De PRESIDENT: Dr. Sauter, als u de getuige over deze brief verhoort moet u de hele brief als bewijsmateriaal indienen.
Dr. SAUTER: Dat is de verklaring die getuige heeft afgelegd over de ....
De PRESIDENT: Ik twijfel er niet aan; ik zeg alleen maar dat wanneer u hem over die brief verhoort en hem die brief voorlegt, dan moet u hem als bewijsmateriaal indienen. Hebt u er een afschrift van?
Dr. SAUTER: Ja. Het staat in de verklaring die de Aanklager gisteren aan getuige heeft voorgelegd en in verband waarmee getuige de verklaring heeft afgelegd dat hij die juist vindt en hem zal herhalen.
De PRESIDENT: Ja, ik begrijp het. Ik was er niet zeker van of die in feite was ingediend of dat die is teruggetrokken na de belofte om de getuige op te roepen. Is de brief ook ingediend?
Dr. SAUTER: Maar de getuige heeft gezegd, nadat de Aanklager het hem had gevraagd, dat hij die verklaring zal herhalen.

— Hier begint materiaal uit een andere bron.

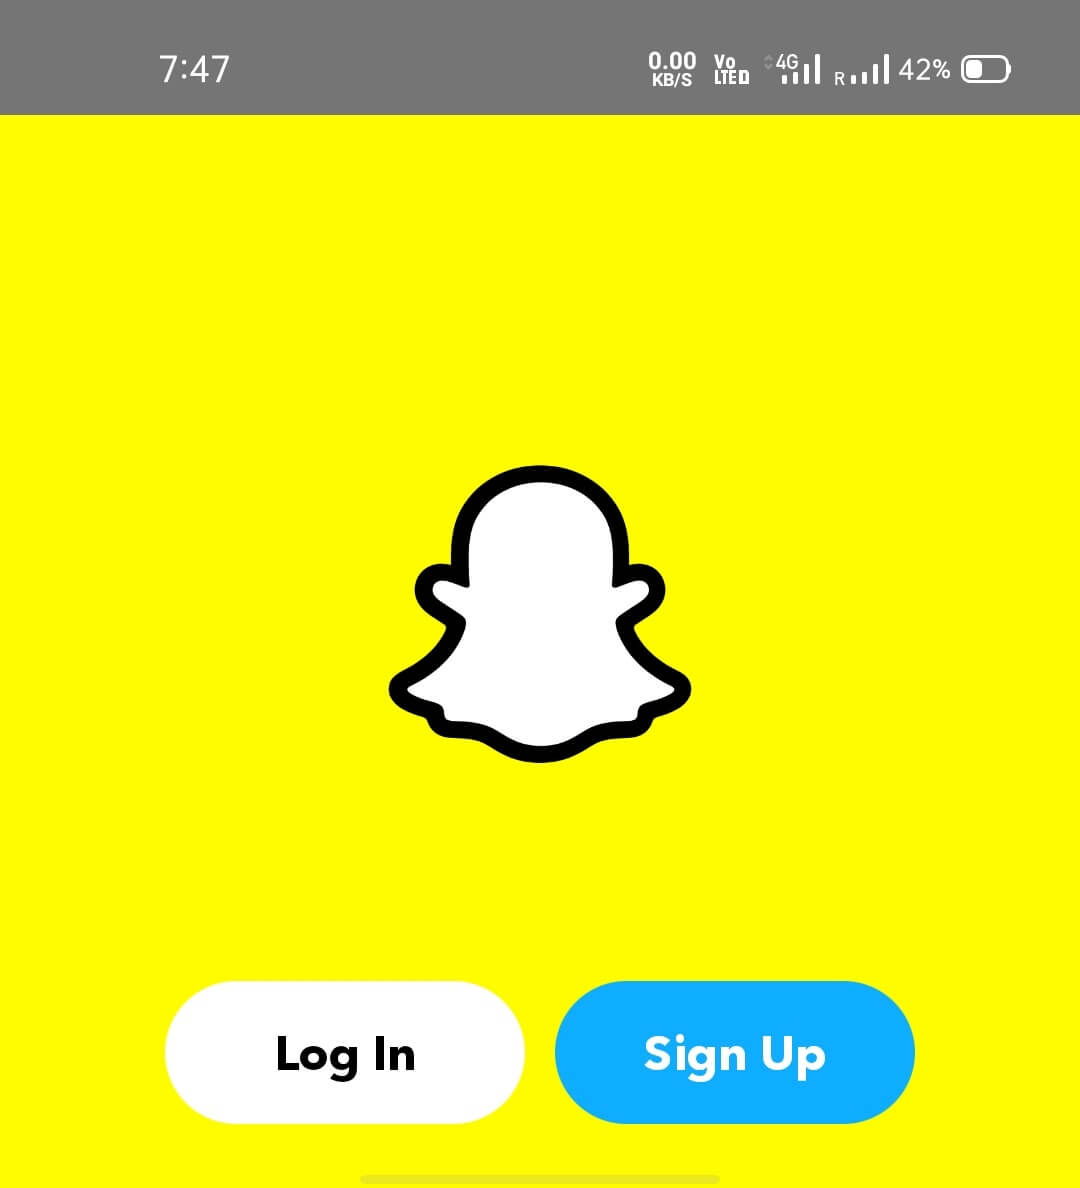 Теперь откройте приложение-клон Snapchat и завершите процесс входа или регистрации.

De PRESIDENT: Mr. Willey, is de brief ingediend?
Mr. HAROLD B. WILLEY (Amerikaanse griffier): Die is niet ingediend, nee.
De PRESIDENT: Goed, u kunt verder gaan met uw verhoor maar het document moet worden ingediend, dat is alles.

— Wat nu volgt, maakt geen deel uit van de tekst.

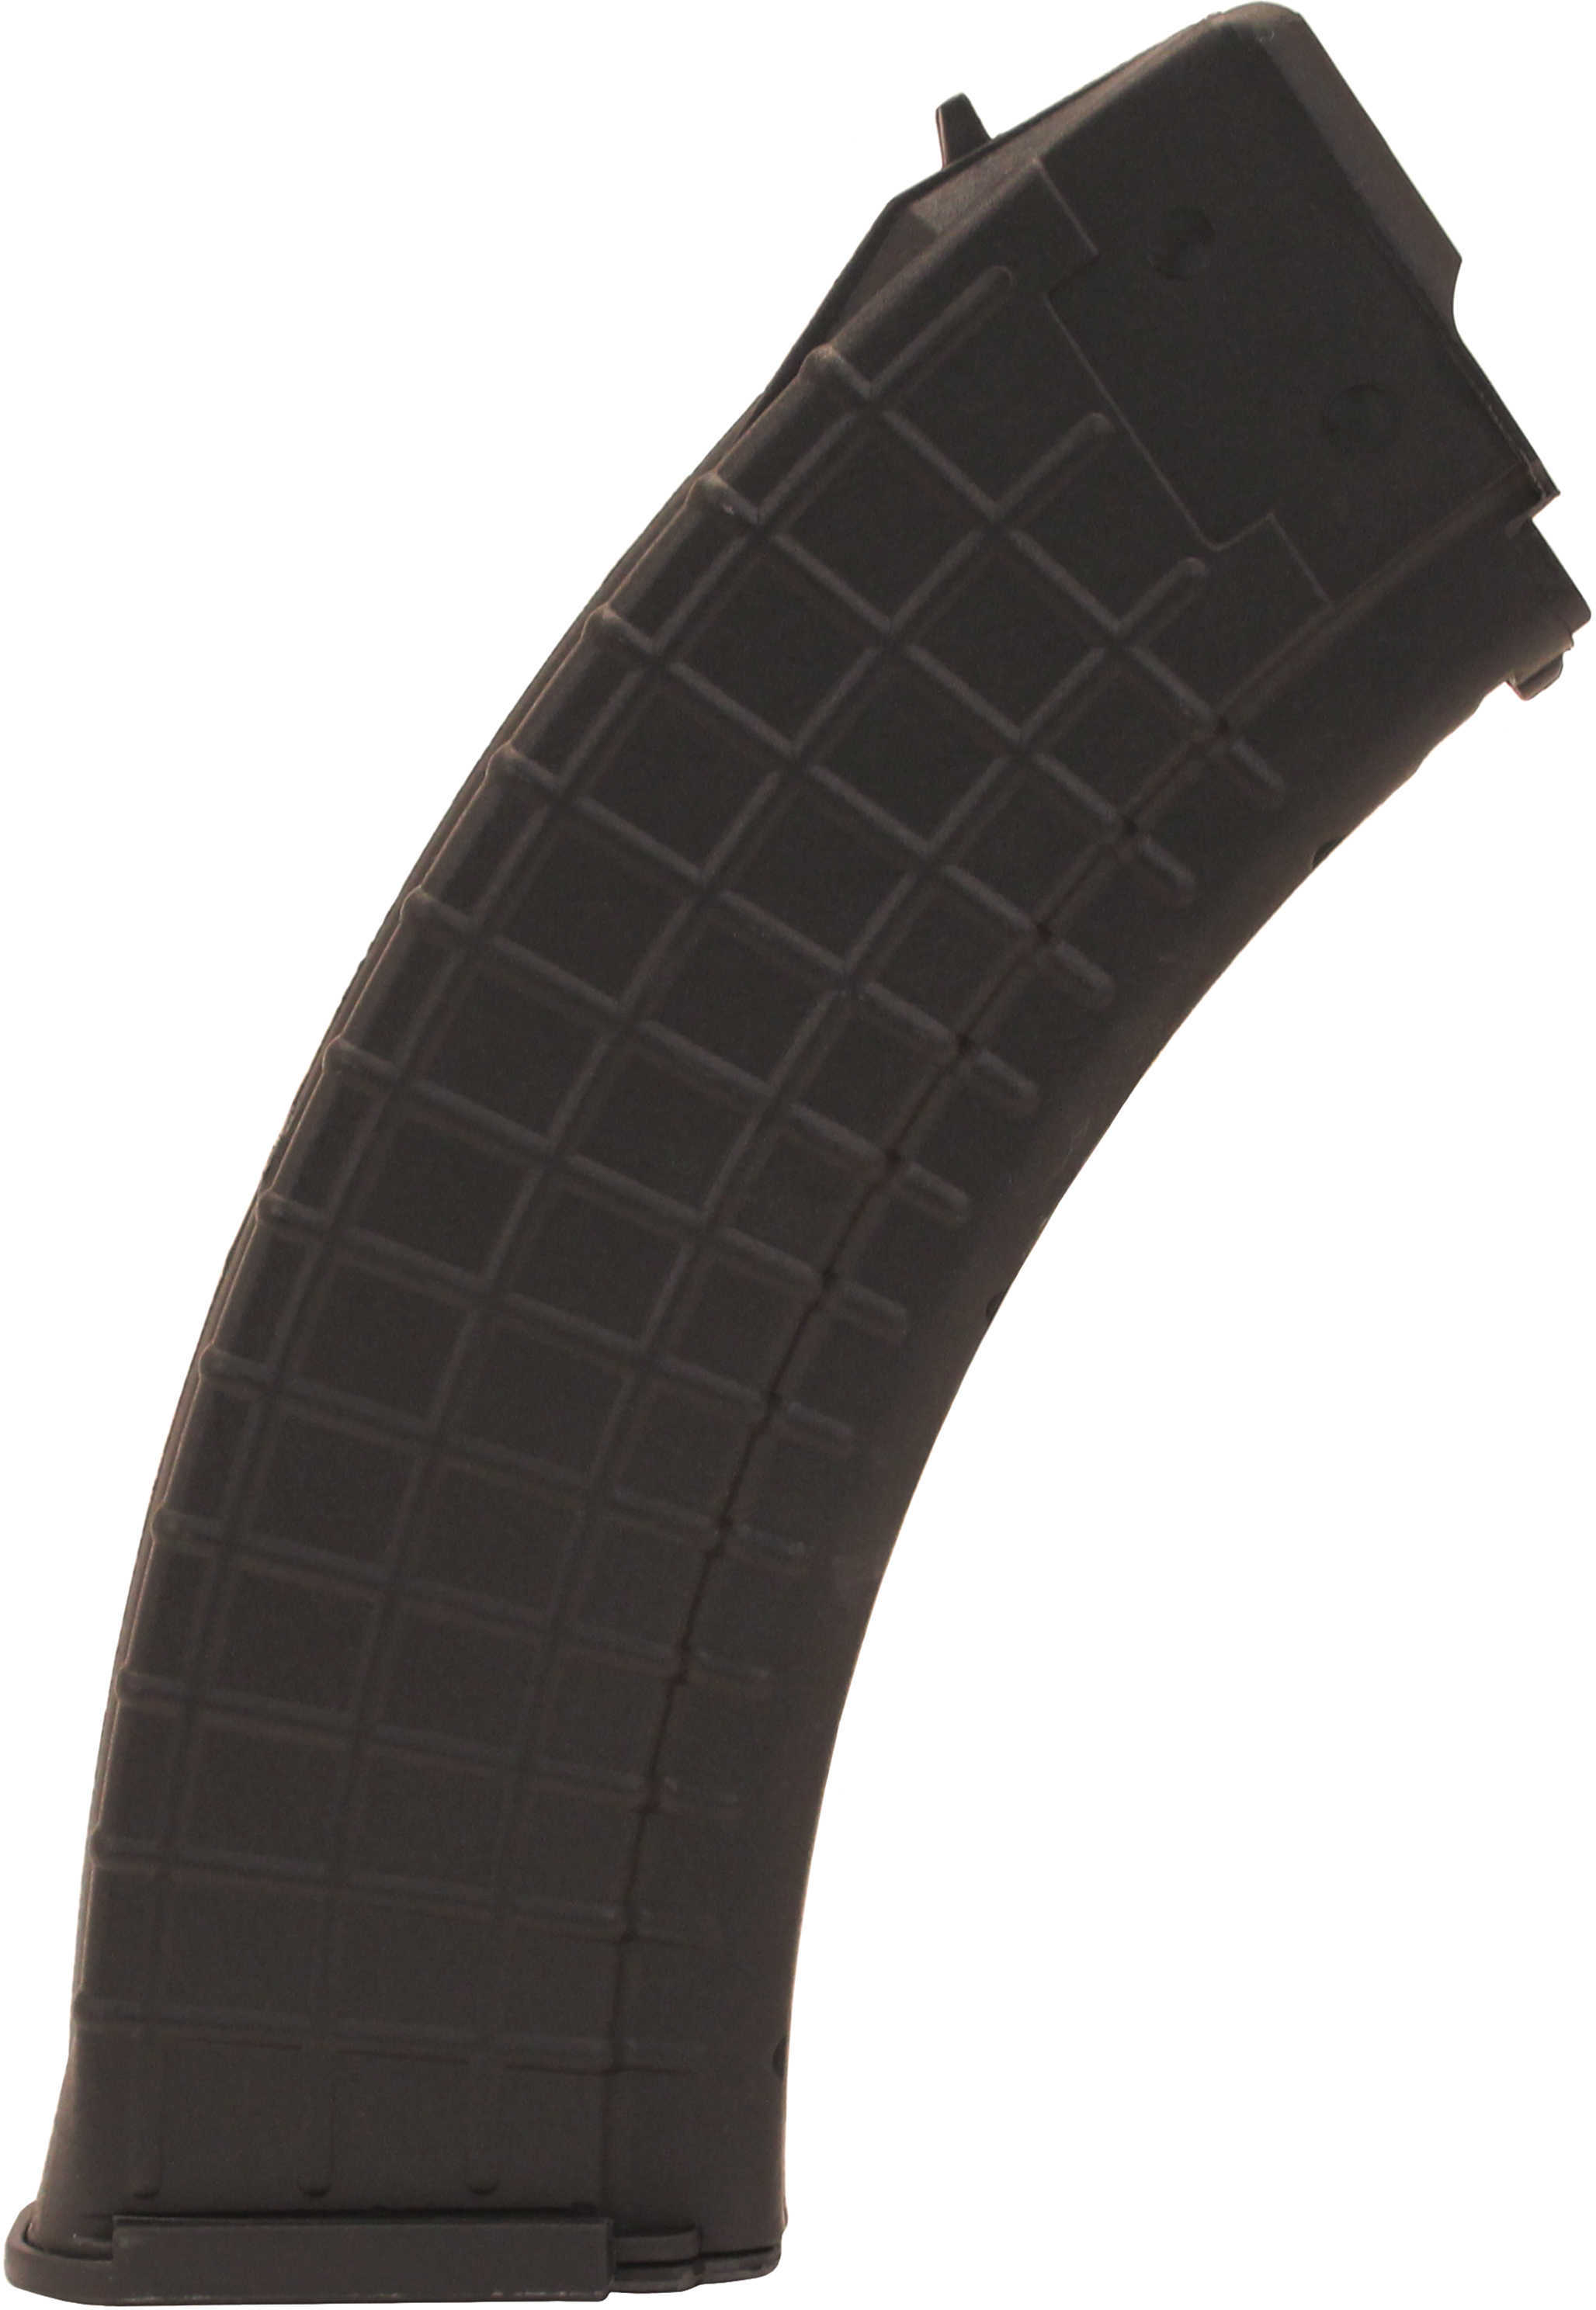 ProMag Magazine 7.62x39 30Rd Fits AK-47 Black Polymer AK-A1

Dr. SAUTER: (tot de getuige) Ik zou nu willen weten getuige wat u bedoelt met “de regering Hitler” Bedoelt u de Partijleiders of het Reichskabinett of wat bedoelt u precies?
PAULUS: Ik bedoel iedereen die verantwoordelijk is.
Dr. SAUTER: Ik zou willen dat u de vraag wat nauwkeuriger beantwoordt.
PAULUS: In mijn verklaring gisteren heb ik alleen maar uitgelegd wat ik zelf heb gezien, wat ik zelf heb ervaren. Ik had niet de bedoeling uitspraken te doen over individuele personen in de regering omdat dat buiten mijn kennis zou vallen.
Dr. SAUTER: Ja, maar u had het over de regering Hitler, niet waar?
PAULUS: Ik bedoelde alleen het concept van de Hitleriaanse leiding over de Staat.
Dr. SAUTER: De Hitleriaanse leiding over de Staat? Dat betekent allereerst het Reichskabinett, niet waar?
PAULUS: Ja, voor zover dat verantwoordelijk is voor de richtlijnen uitgegeven door de regering.
Dr. SAUTER: Daarom zou ik het volgende willen weten: Beklaagde Funk, die daar zit was ook lid van het Reichskabinett en beklaagde Von Schirach worden door de Aanklager ook beschouwd als zijnde lid van het Reichskabinett. Weet u of beklaagde Funk en beklaagde Von Schirach, net als u, ook maar iets wisten van die plannen van Hitler?
PAULUS: Dat weet ik niet.
Dr. SAUTER: Weet u of er tijdens de oorlog, omdat u bij het OKW zat, eigenlijk bijeenkomsten van het Kabinett gehouden werden?
PAULUS: Dat weet ik ook niet.
Dr. SAUTER: Weet u dat Hitler, in het belang van de geheimhouding van zijn oorlogsplannen, zelfs bevel gaf dat bij conferenties tussen hemzelf en zijn militaire adviseurs leden van het Reichskabinett, zoals bijvoorbeeld Funk, niet mochten worden toegelaten?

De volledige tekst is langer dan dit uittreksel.